Реакция экспертного сообщества – это микрофеномен, позволяющий многое разглядеть в том, что касается макрофеноменов. Или даже эти макрофеномены уже нам неинтересны? Но что тогда интересно?
А теперь я, рискуя оказаться совсем уж неадекватным нынешней ситуации и даже заподозренным в пафосе (страшнейшем из смертных грехов для социальных страт, претендующих на привилегированность), упомяну пятый мотив, представляющийся мне столь же обязательным, сколь и предыдущие четыре.
Пятый мотив таков – ты считаешь свое общество как совокупность ныне живущих стадом коров и потому тебя ни к чему не обязывает ни профессия, ни ситуация? О’кей. Но ведь, кроме живых, есть и умершие! Они тебя тоже ни к чему не обязывают?

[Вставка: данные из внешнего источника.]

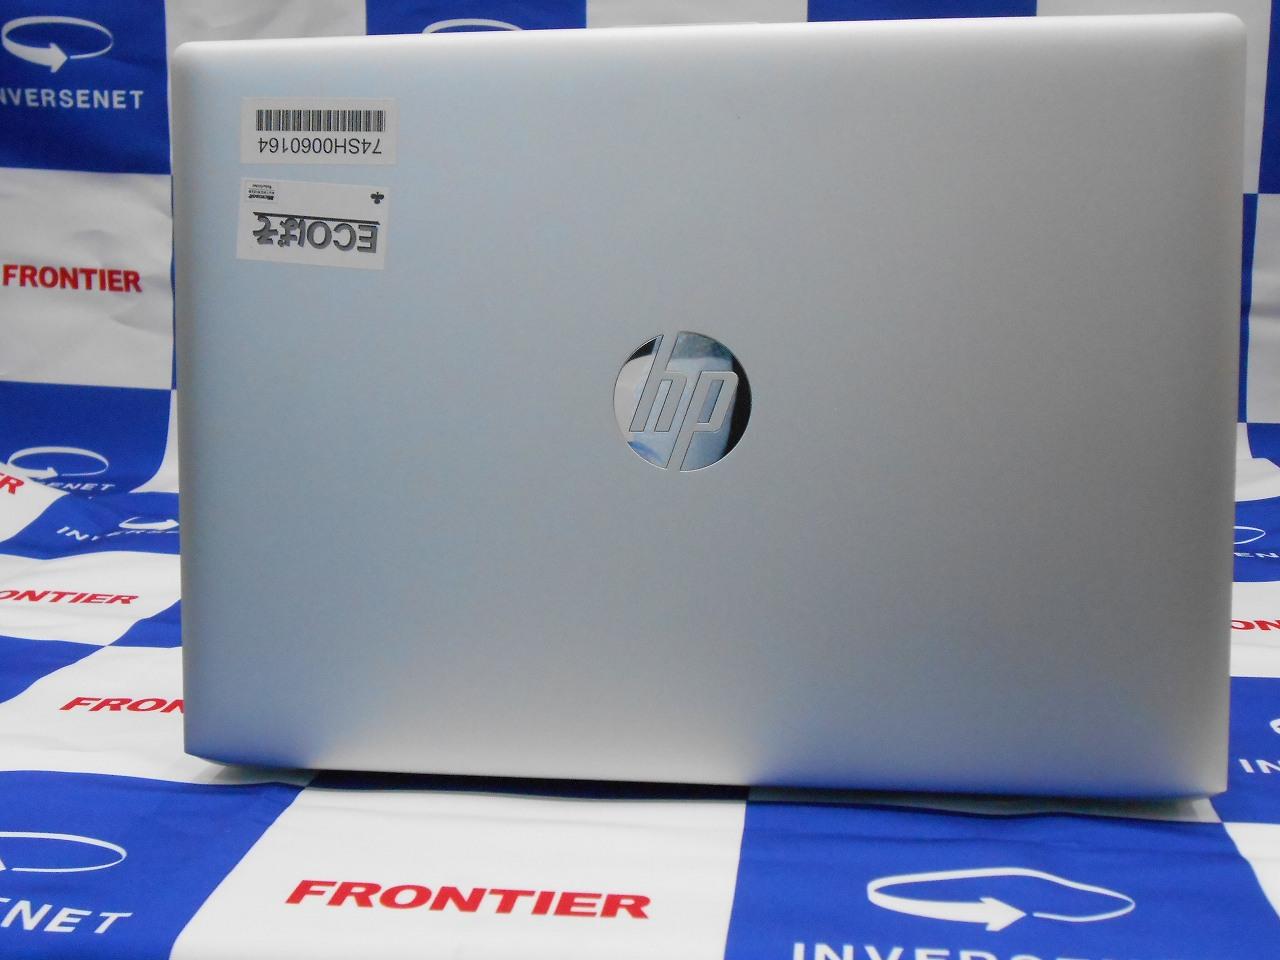 【テレワーク応援】【WPSOffice付】【中古】 HP ProBook 430 G5/2018年モデル/Corei5 7200U 2.5GHz/メモリ4GB/SATA500GB/13インチ/Windows10Home【ECOぱそ】【3ヶ月保証】【足立店発送】

Особо странно для меня то, что этот мотив отсутствует у людей, подчеркивающих свою религиозность. Я вот ее совсем не подчеркиваю, а настаиваю на том, что являюсь человеком, хотя и нечуждым метафизике, но светским. Однако трагизм произошедшего требует, согласитесь, и какого-то дозированного экзистенциального отношения.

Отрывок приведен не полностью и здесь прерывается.